►

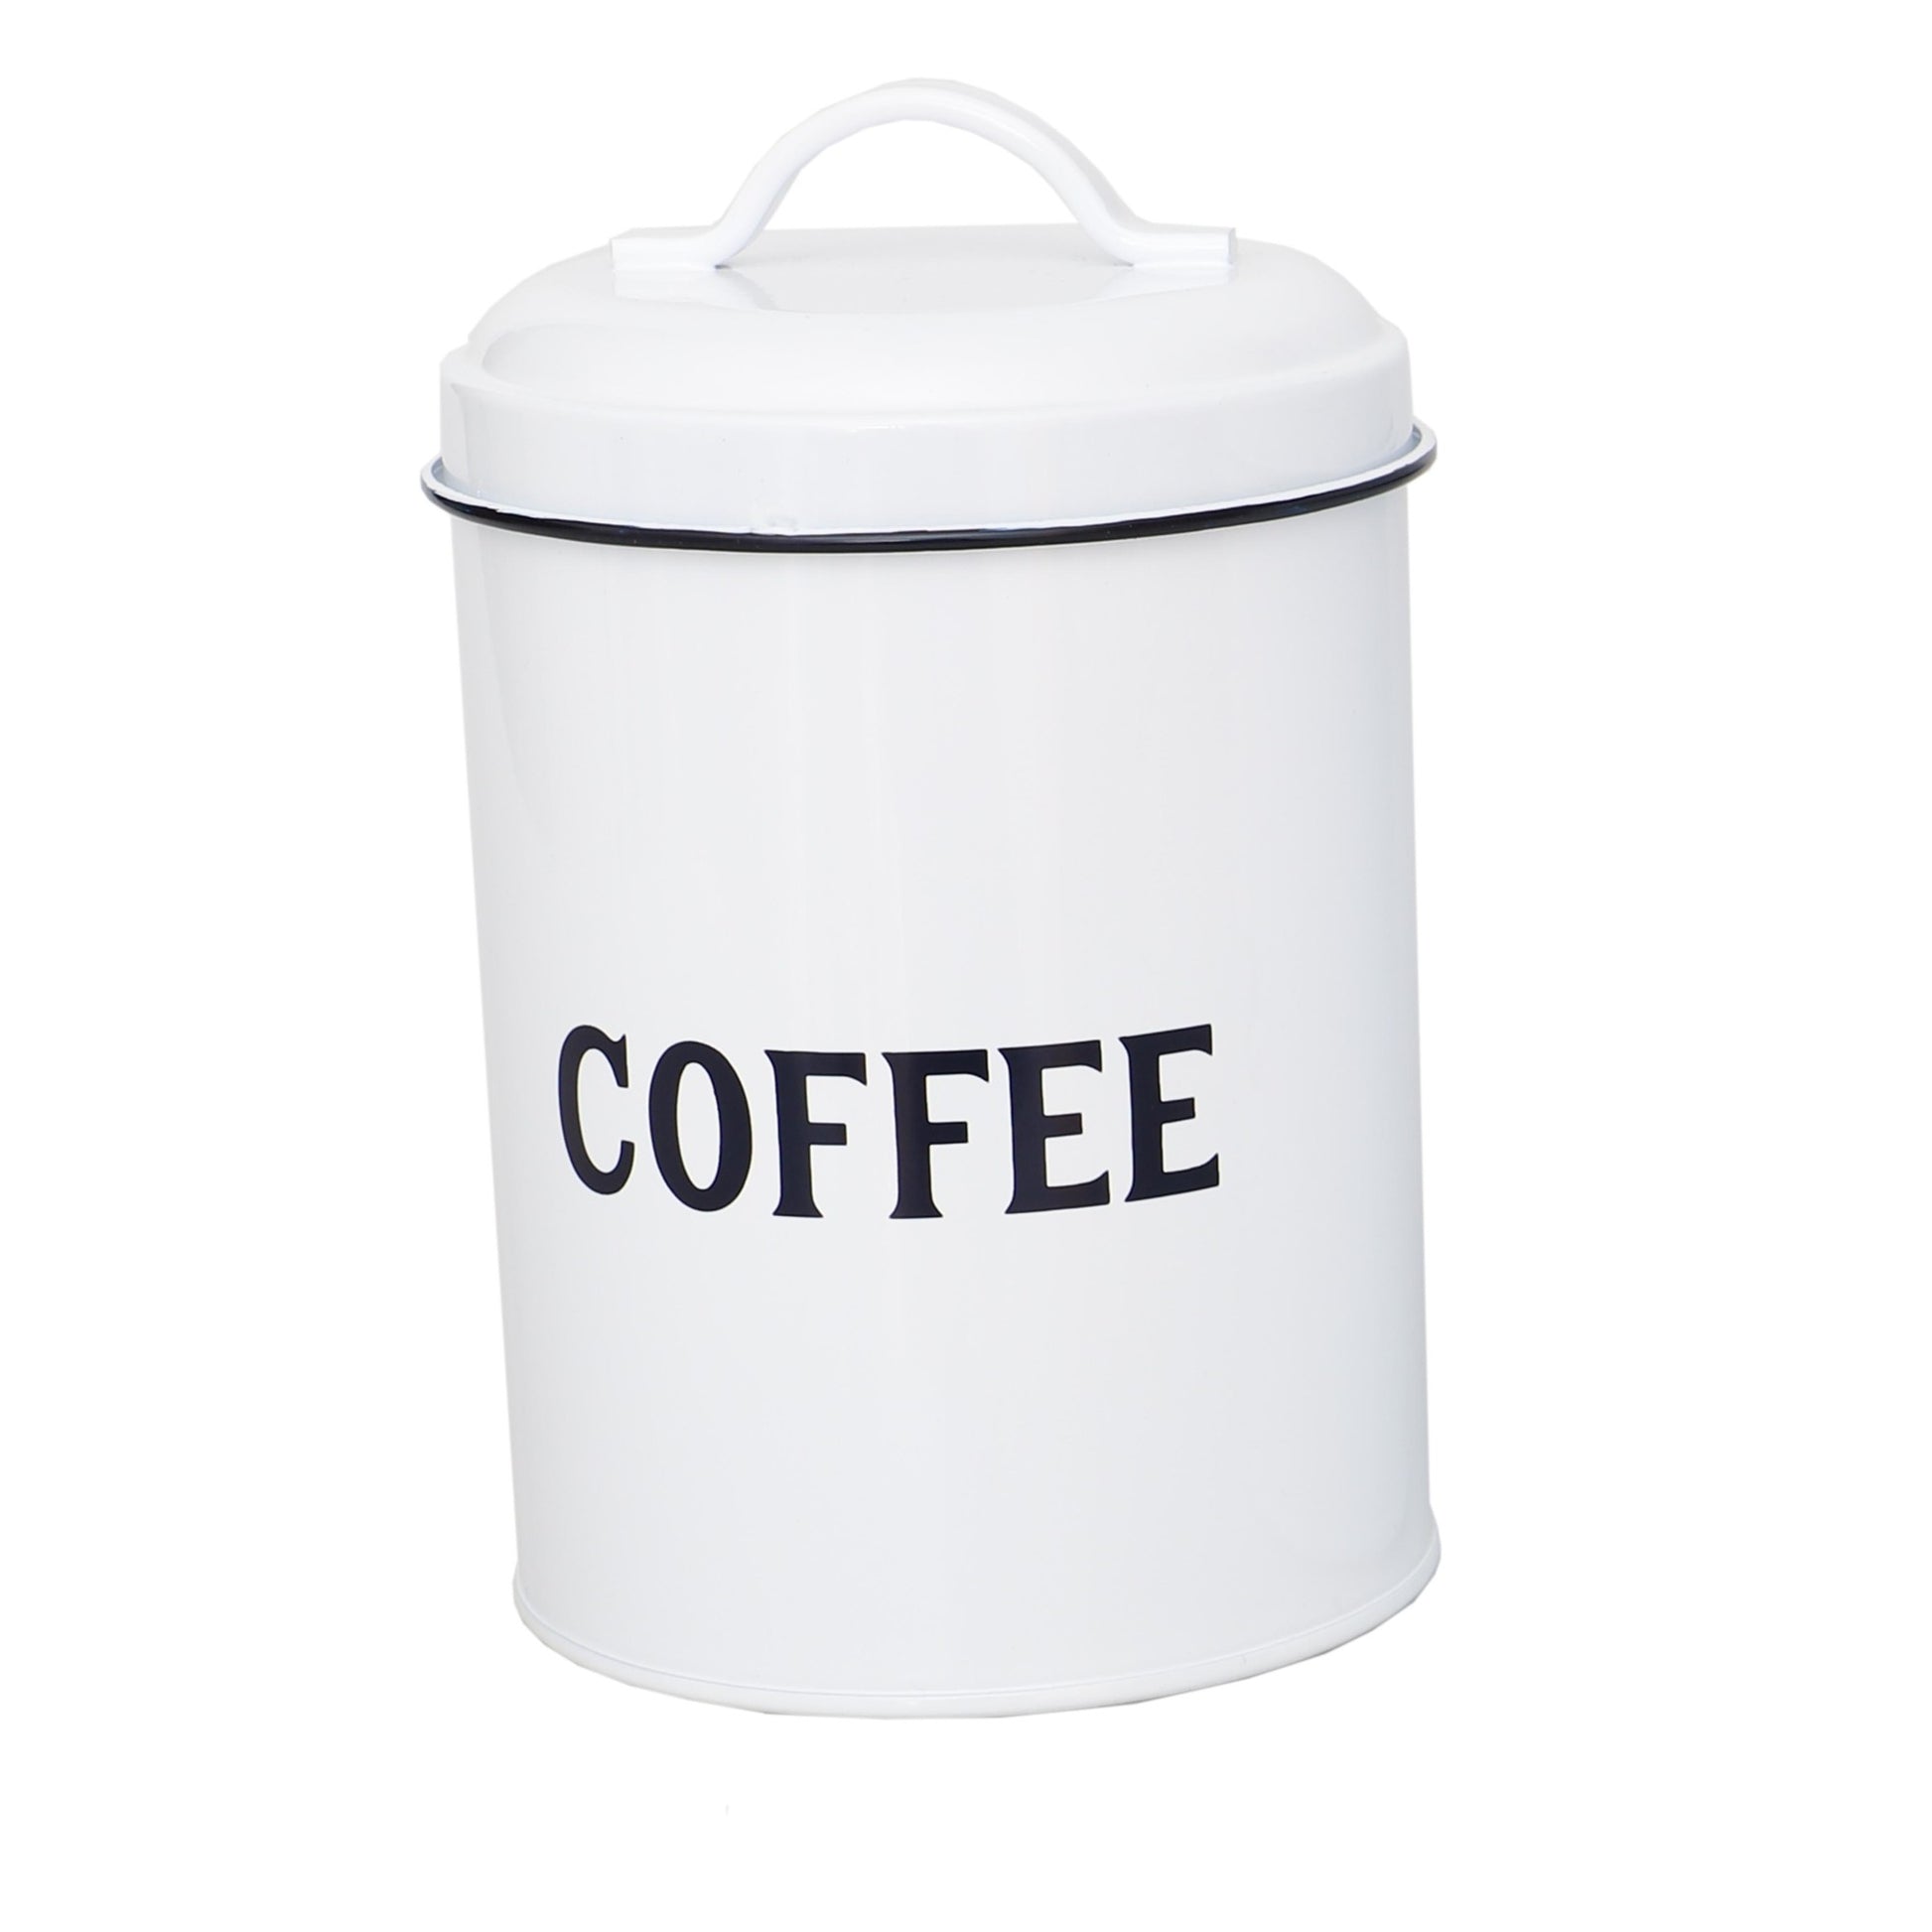 Home Basics Countryside Coffee Tin Canister, White - Coffee
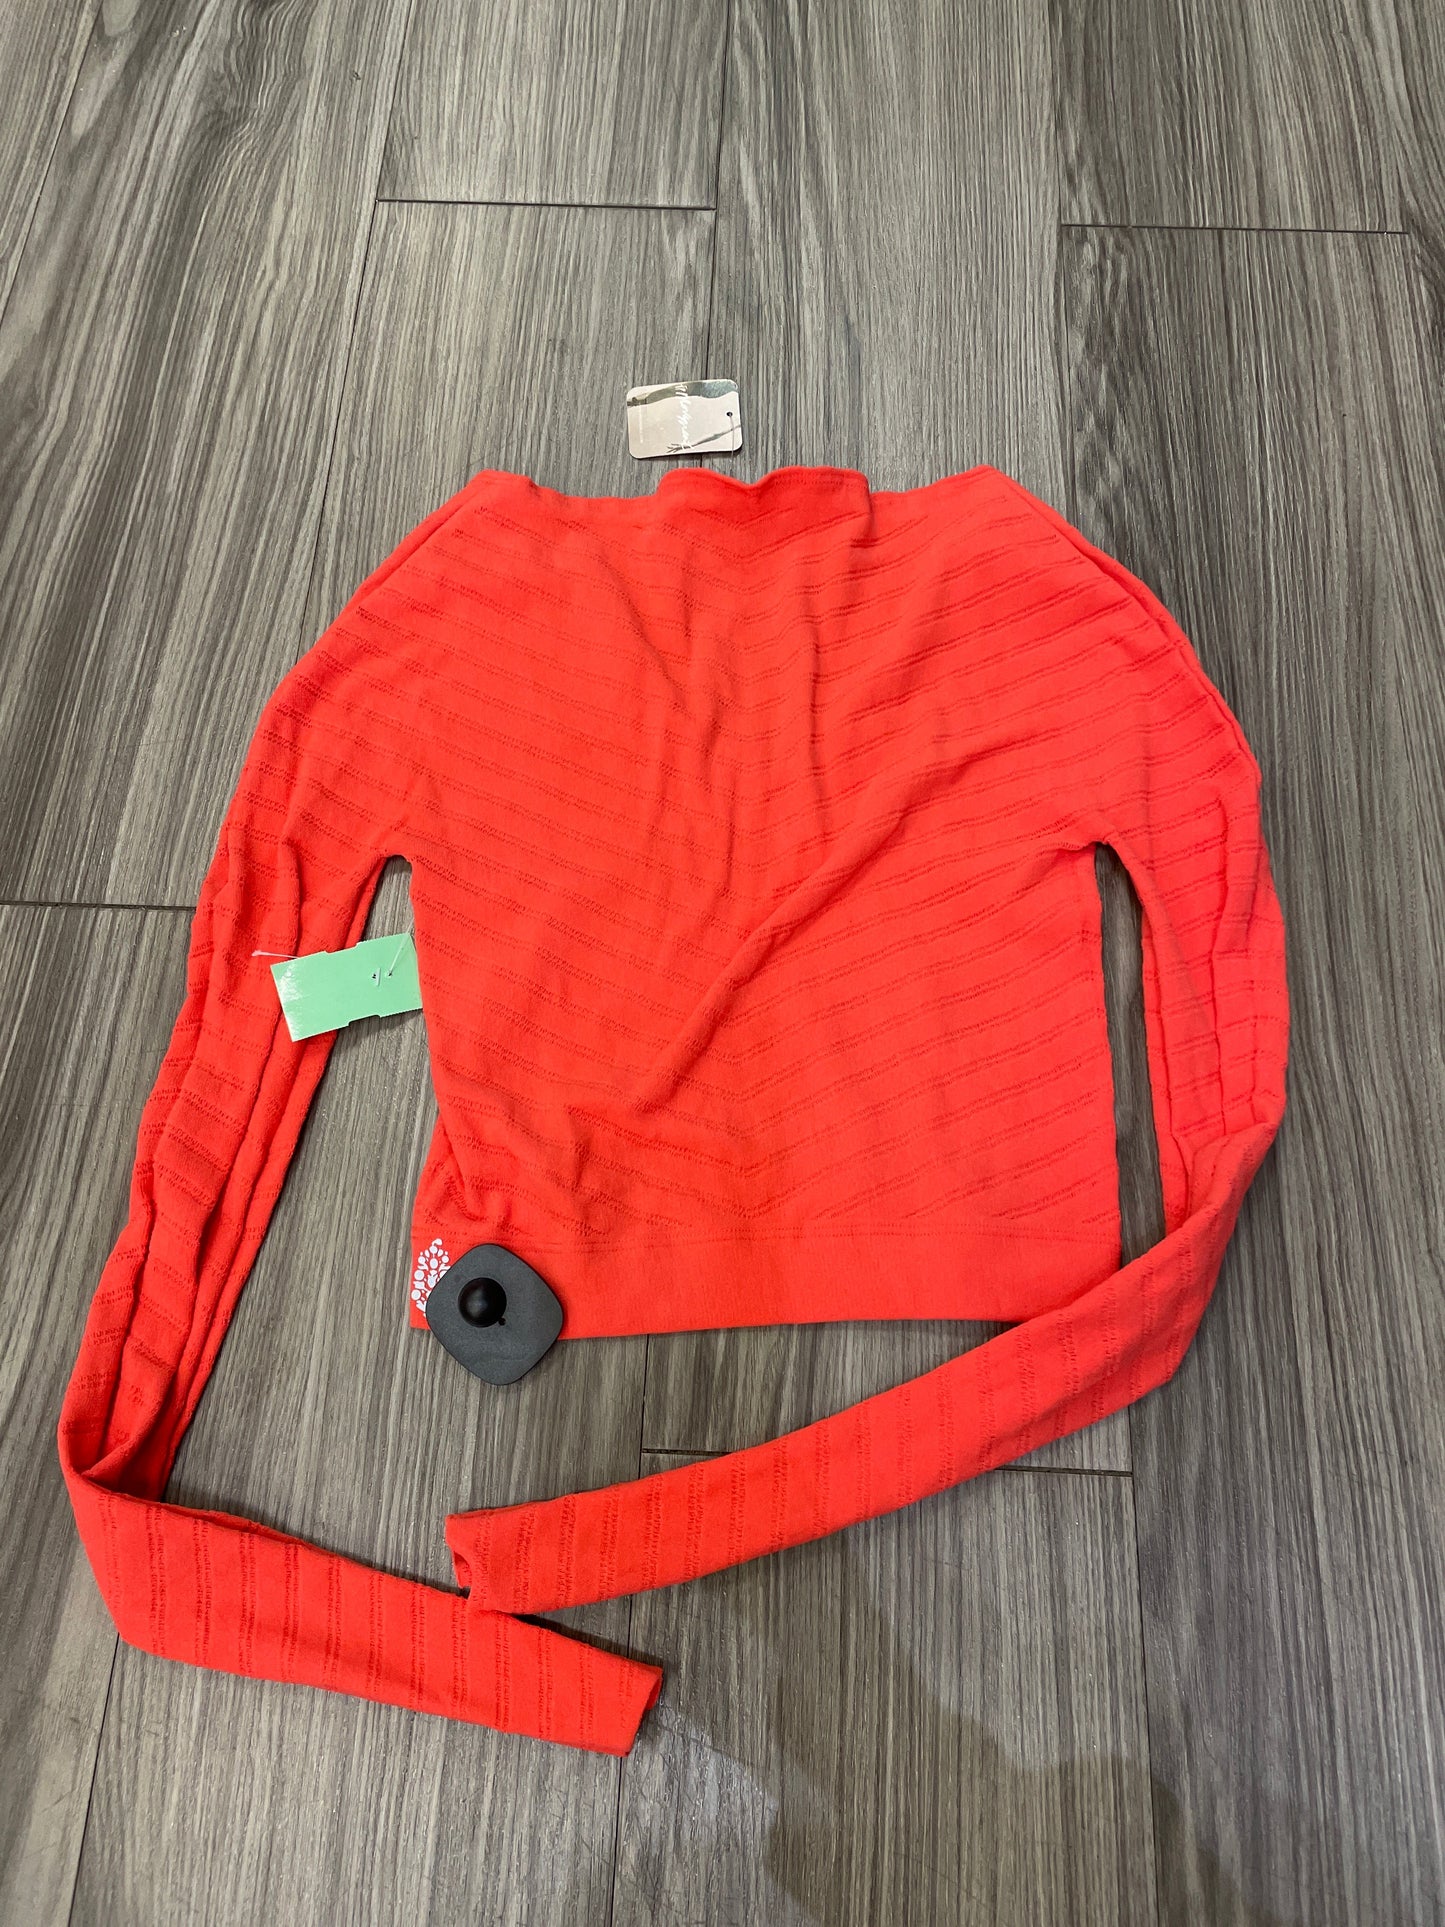 Coral Top Long Sleeve Free People, Size M
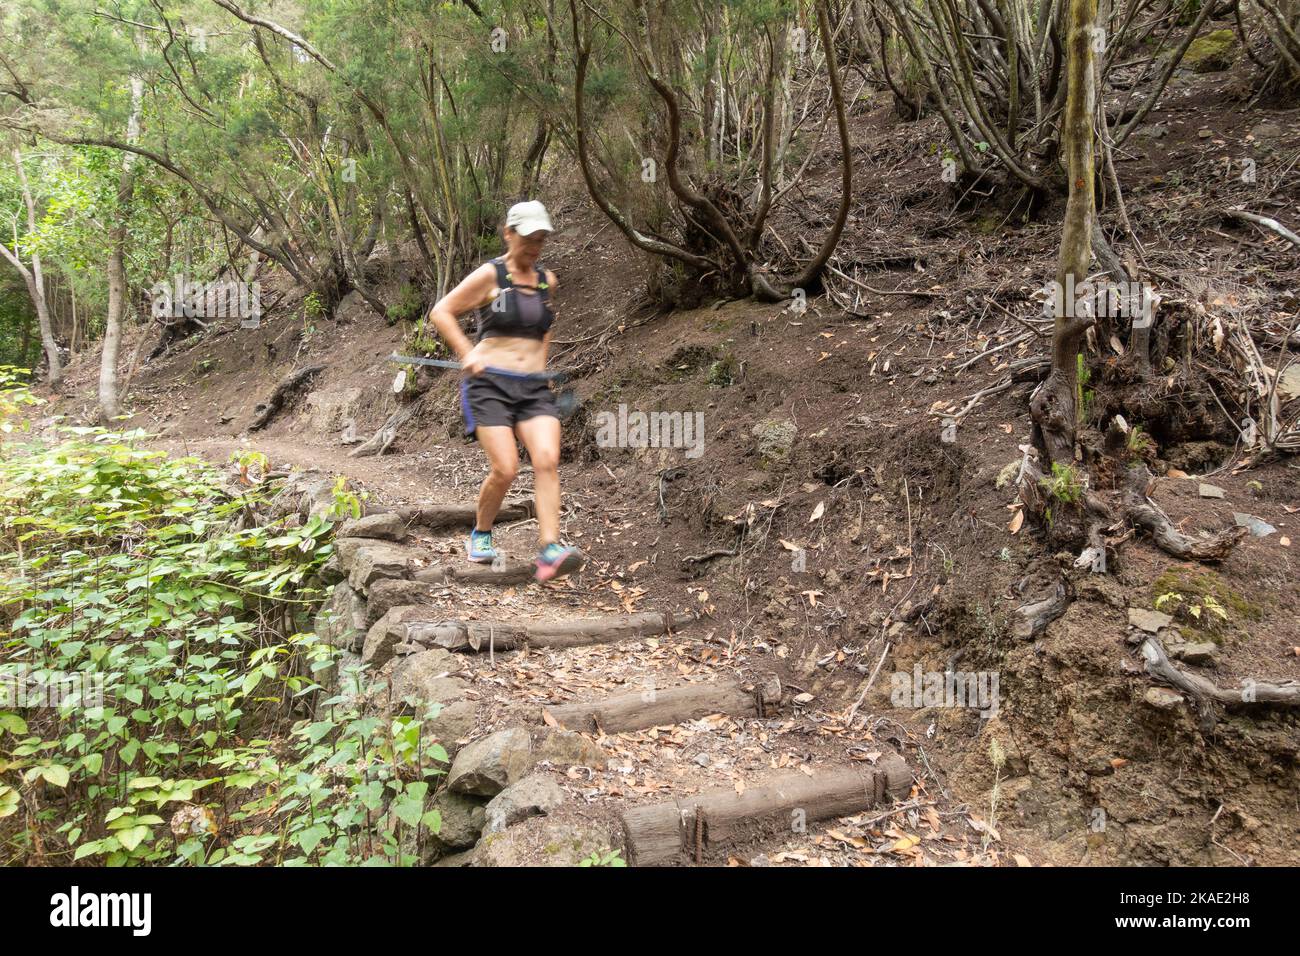 Mature woman trail runner, running in forest. Stock Photo
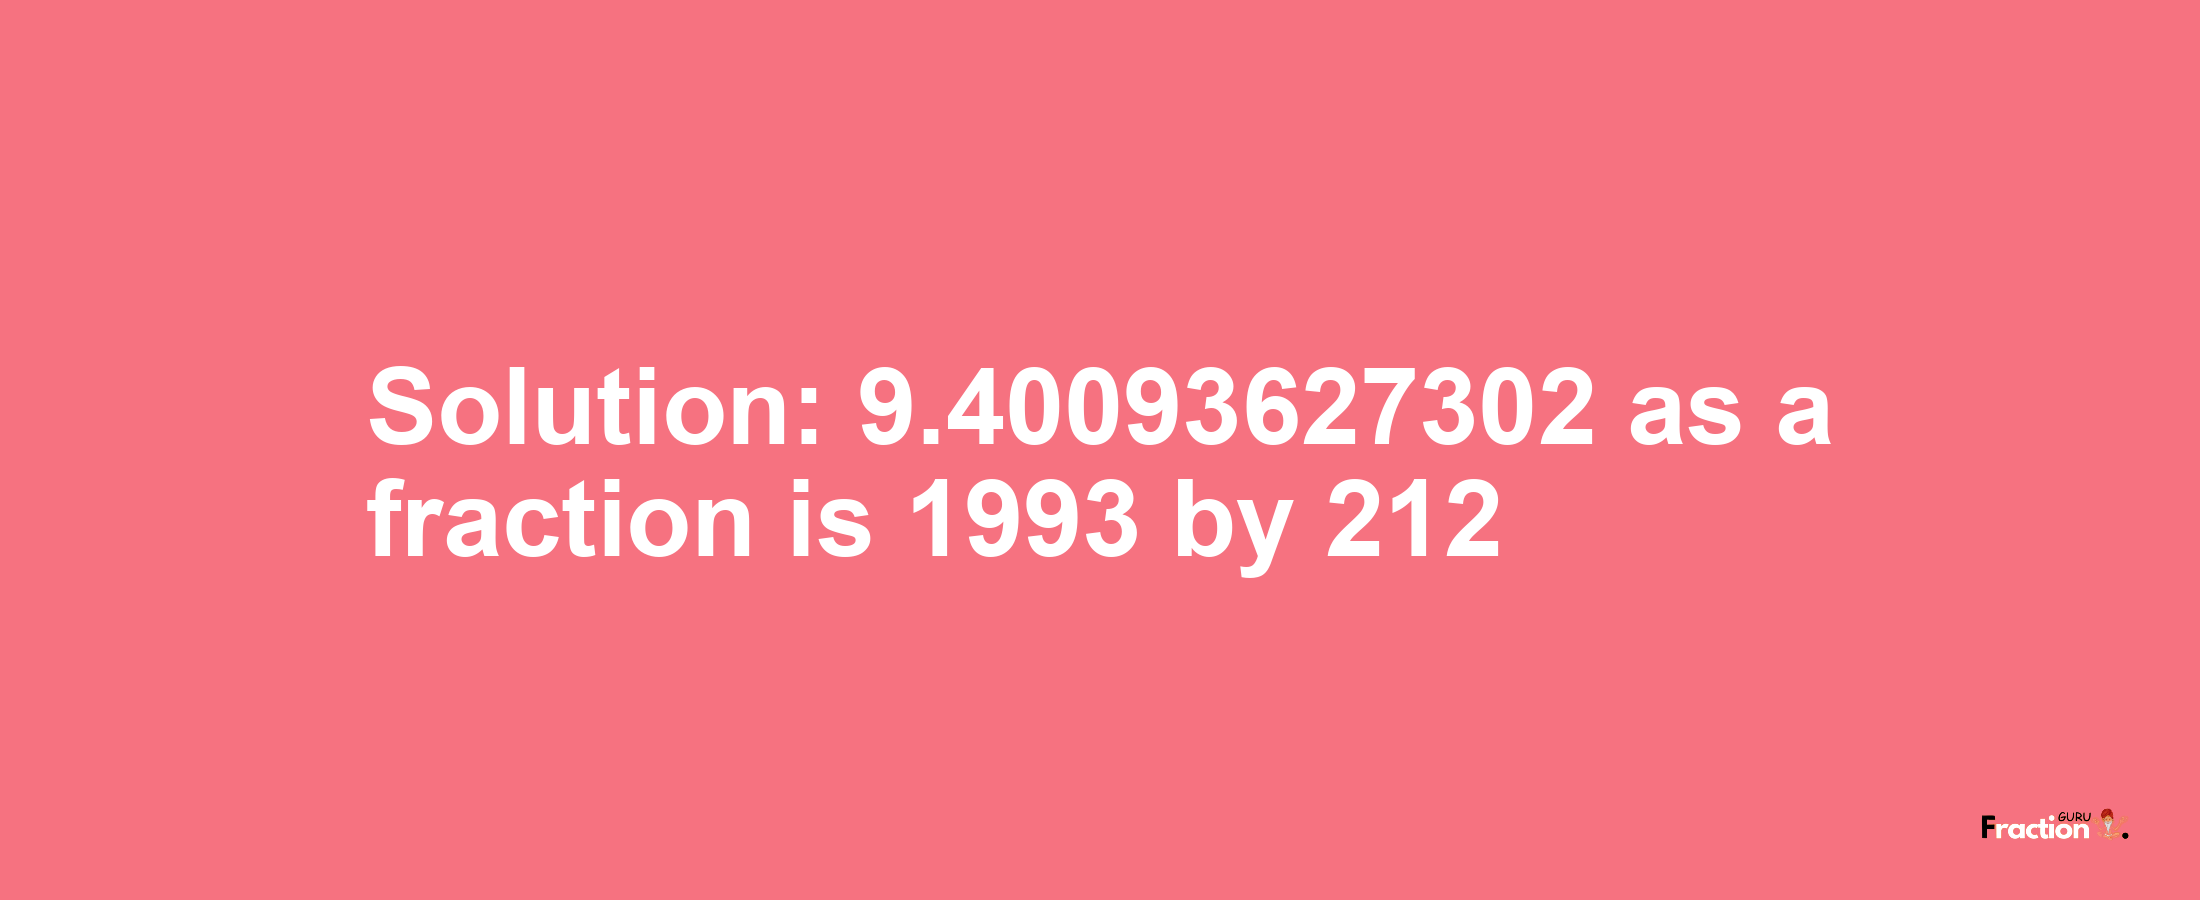 Solution:9.40093627302 as a fraction is 1993/212

◄

## Work to be completed
Could you retype every line above exactly as it appears, skipping the pictures?

## Response to this task
 Home Basics Countryside Coffee Tin Canister, White - Coffee
 Coral Top Long Sleeve Free People, Size M
 Mature woman trail runner, running in forest. Stock Photo
 Solution:9.40093627302 as a fraction is 1993/212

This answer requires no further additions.